When name is provided, the result is also written as a table or view in DuckDB and the function returns TRUE (invisibly).

Details

Spatial Join Predicates:

A spatial predicate is really just a function that evaluates some spatial relation between two geometries and returns true or false, e.g., “does a contain b” or “is a within distance x of b”. Here is a quick overview of the most commonly used ones, taking two geometries a and b:

  • "ST_Intersects": Whether a intersects b

  • "ST_Contains": Whether a contains b

  • "ST_ContainsProperly": Whether a contains b without b touching a's boundary

  • "ST_Within": Whether a is within b

  • "ST_Overlaps": Whether a overlaps b

  • "ST_Touches": Whether a touches b

  • "ST_Equals": Whether a is equal to b

  • "ST_Crosses": Whether a crosses b

  • "ST_Covers": Whether a covers b

  • "ST_CoveredBy": Whether a is covered by b

  • "ST_DWithin": x) Whether a is within distance x of b

Examples

if (FALSE) { # \dontrun{
# RECOMMENDED: Efficient lazy workflow using ddbs_open_dataset
library(duckspatial)

# Load data directly as lazy spatial data frames (CRS auto-detected)
countries <- ddbs_open_dataset(
  system.file("spatial/countries.geojson", package = "duckspatial")
)

# Create random points
n <- 100
points <- data.frame(
    id = 1:n,
    x = runif(n, min = -180, max = 180),
    y = runif(n, min = -90, max = 90)
) |> 
  sf::st_as_sf(coords = c("x", "y"), crs = 4326) |>
  as_duckspatial_df()

# Lazy join - computation stays in DuckDB
result <- ddbs_join(points, countries, join = "within")

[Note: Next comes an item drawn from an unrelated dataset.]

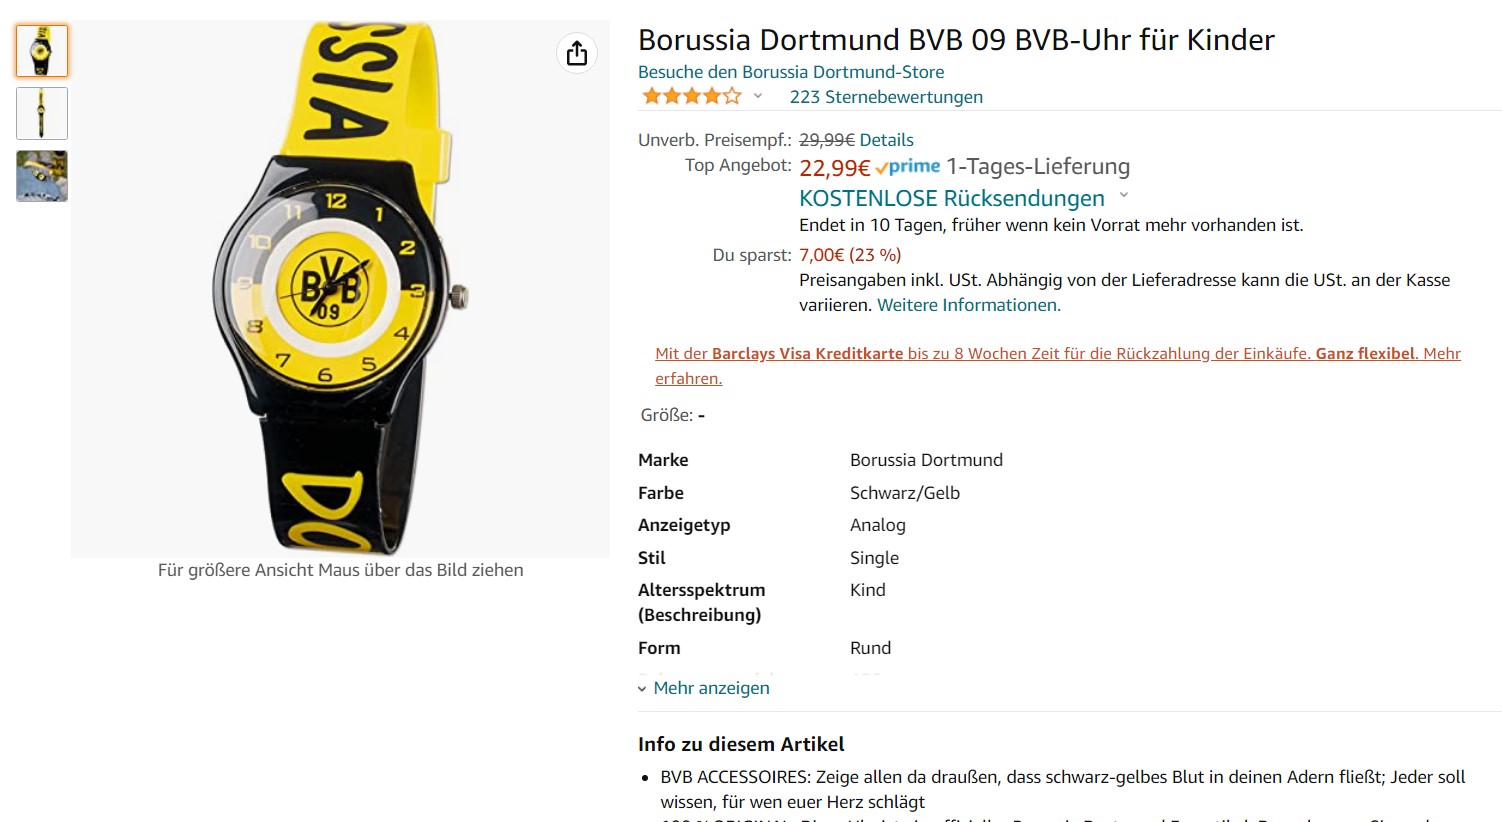 Borussia Dortmund, BVB, Black Friday, Angebote, Deals, Schnäppchen

# Collect to sf when needed
result_sf <- dplyr::collect(result) |> sf::st_as_sf()
plot(result_sf["CNTR_NAME"])


# Alternative: using sf objects directly (legacy compatibility)
library(sf)

countries_sf <- sf::st_read(system.file("spatial/countries.geojson", package = "duckspatial"))

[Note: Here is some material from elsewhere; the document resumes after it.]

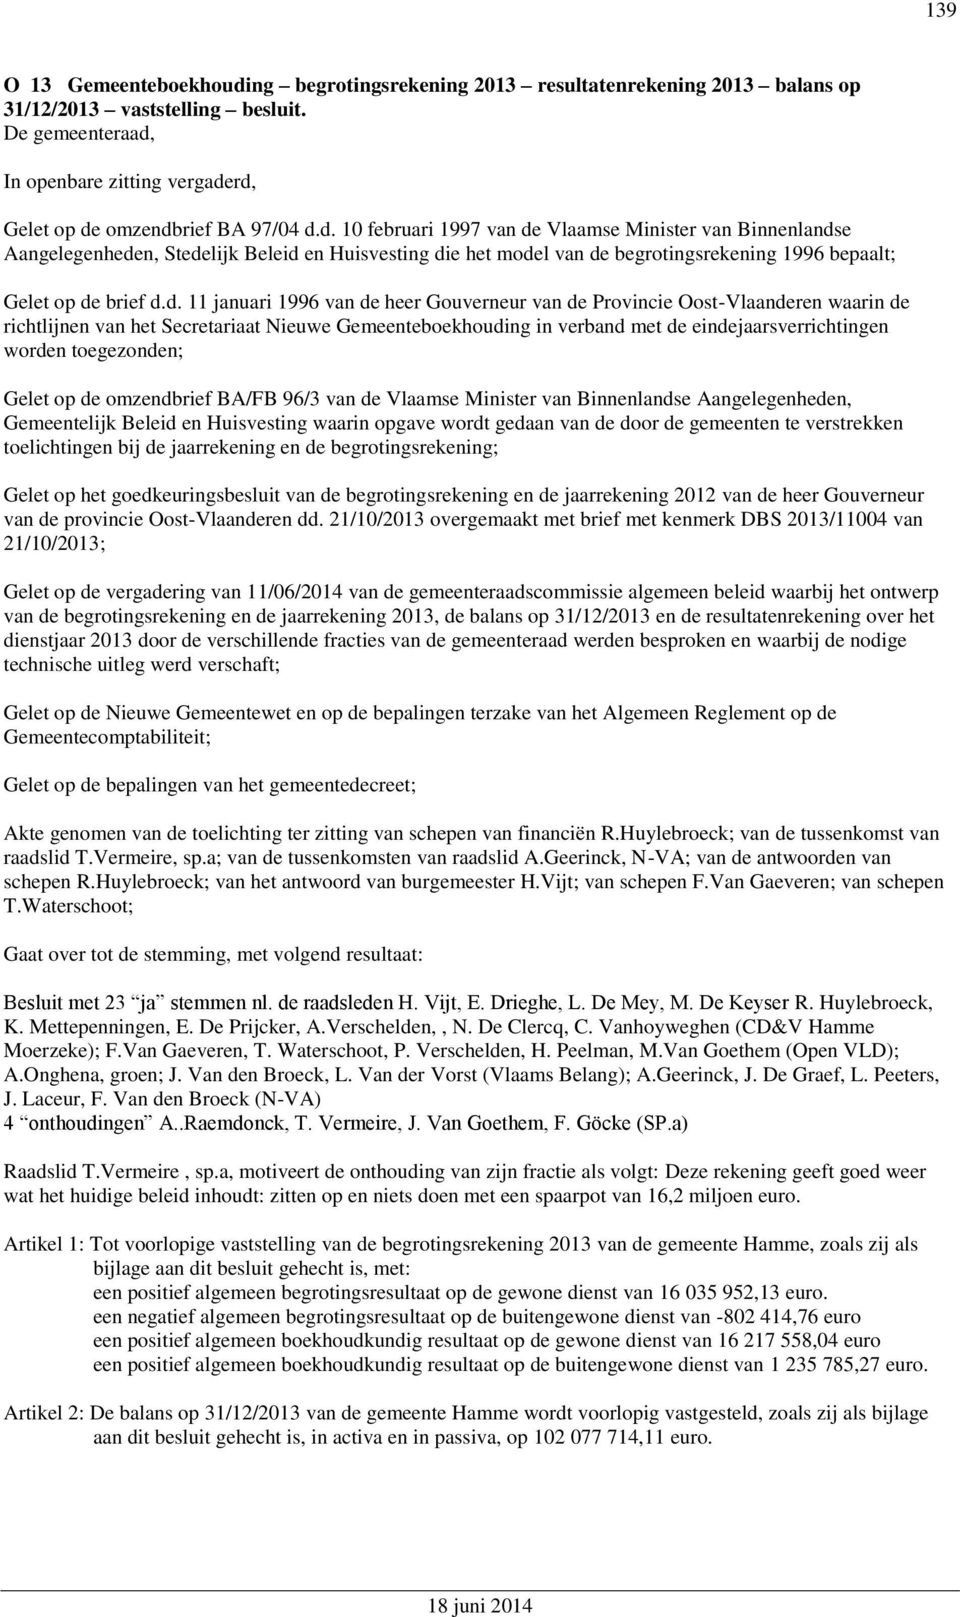 omzendbrief BA 97/04 d.d. 10 februari 1997 van de Vlaamse Minister van Binnenlandse Aangelegenheden, Stedelijk Beleid en Huisvesting die het model van de begrotingsrekening 1996 bepaalt; Gelet op de brief d.

output <- duckspatial::ddbs_join(
    x = points,
    y = countries_sf,
    join = "within"
)


# Alternative: using table names in a duckdb connection
conn <- duckspatial::ddbs_create_conn()

ddbs_write_table(conn, points, "points", overwrite = TRUE)
ddbs_write_table(conn, countries_sf, "countries", overwrite = TRUE)

output2 <- ddbs_join(
    conn = conn,
    x = "points",
    y = "countries",
    join = "within"
)

} # }